Air Products and Chemicals, a producer of industrial gases, last week made an unsolicited $5.1 billion offer for competitor Airgas, which is the parent company of Red-d-Arc Welderentals, North America’s largest welder rental company.
The offer, worth about $60 per share, represents a 38-percent premium to Airgas’ Thursday closing share price of $43.53 and an 18-percent premium over its 52-week high of $51. Including debt, the offer is valued at about $7 billion. Airgas has declined several offers from Air Products in recent months. Sources said Air Products is prepared for a hostile bid including a proxy fight if its offer is rejected.
Airgas’ board of directors said it will review the proposal with its financial and legal advisors.

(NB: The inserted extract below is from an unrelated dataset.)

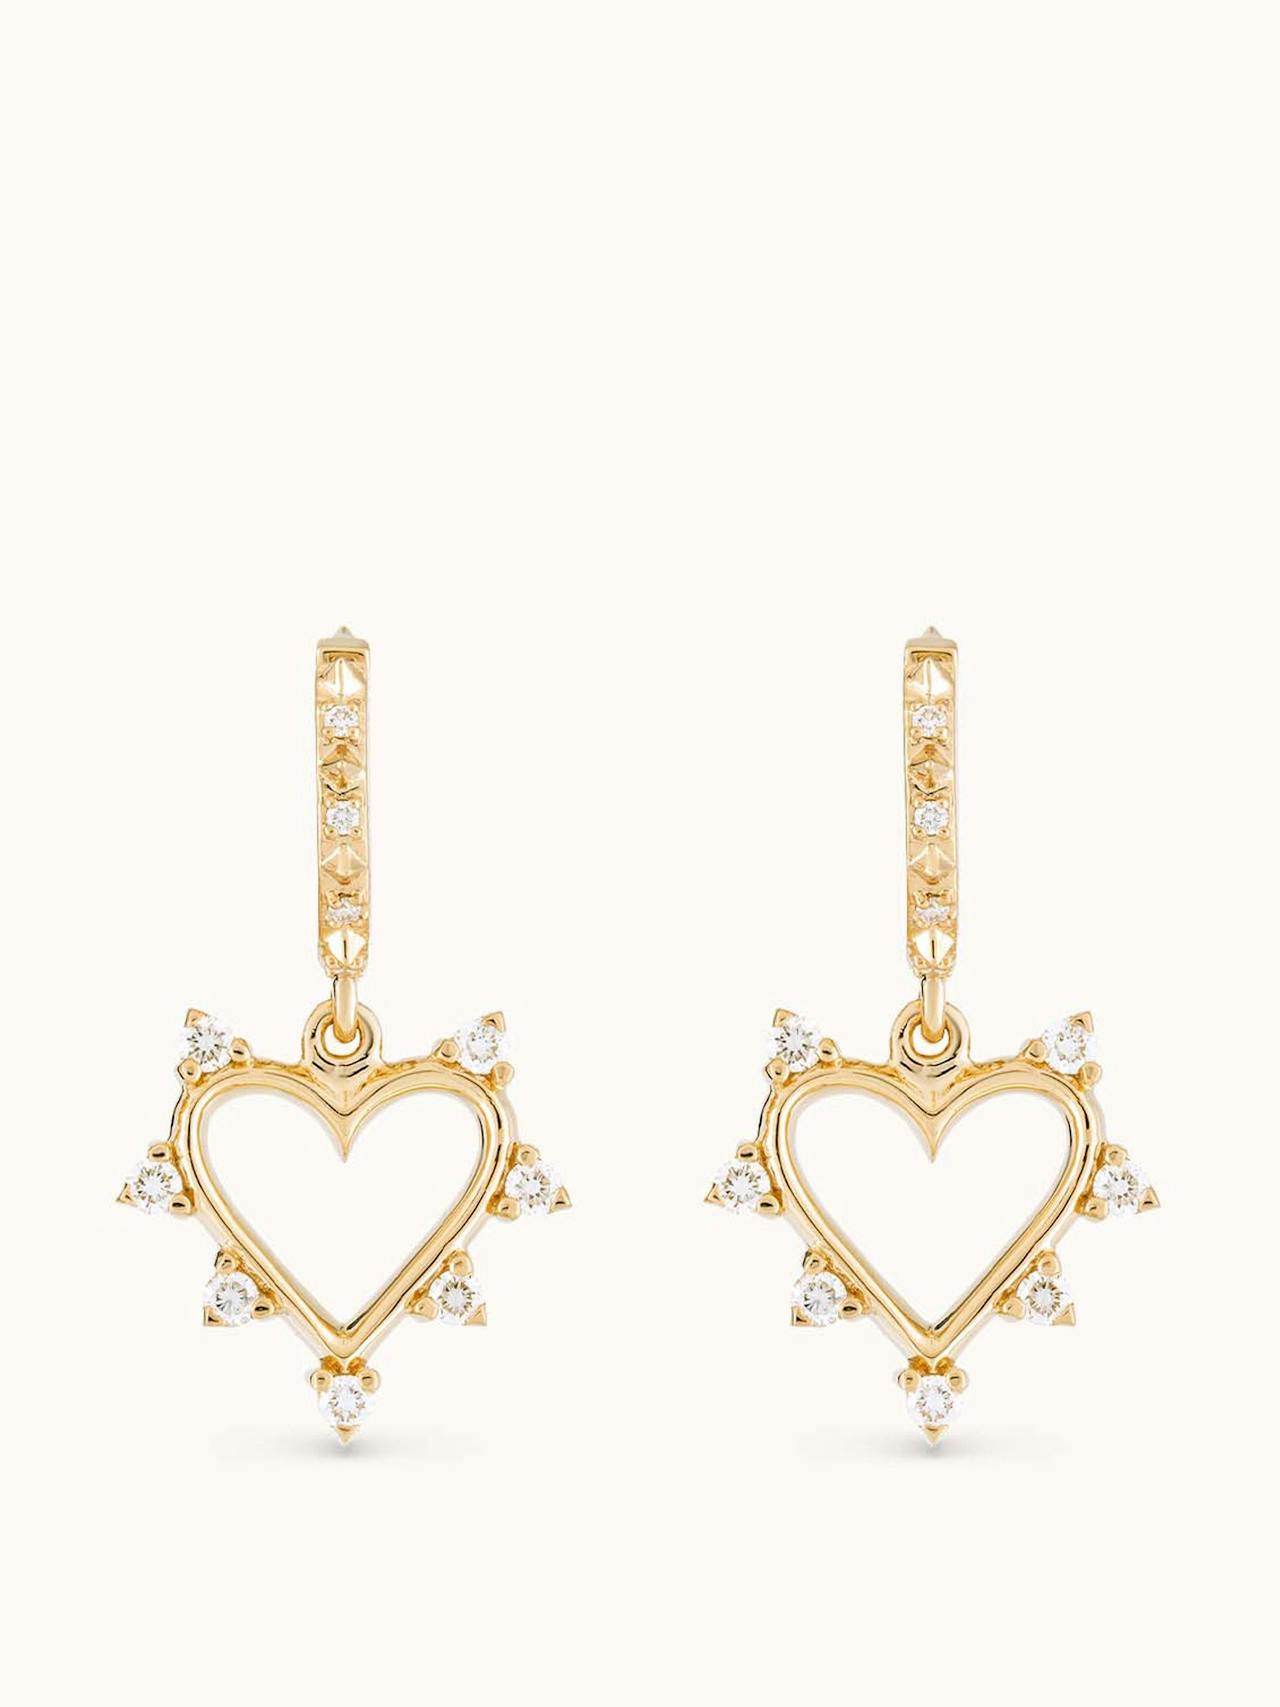 Open heart earrings

Airgas said it received a cash and stock proposal from Air Products in December with an implied value of $62 per share, but determined the proposal undervalued Airgas.
In a letter to Air Products chairman and CEO John McGlade, Airgas chairman and CEO Peter McCausland wrote, “In every cumulative annual period since 2000, measured from the first of each calendar year to Dec. 31, 2009, Airgas’ stock price has consistently outperformed Air Products’ with the exception of 2009 … . Under the terms of Air Products’ proposal, our shareholders would sacrifice real value and opportunity, and exchange a dynamic growth stock for one that has significantly underperformed Airgas stock over an extended period of time.”
Red-d-Arc Welderentals is No. 25 on the RER 100.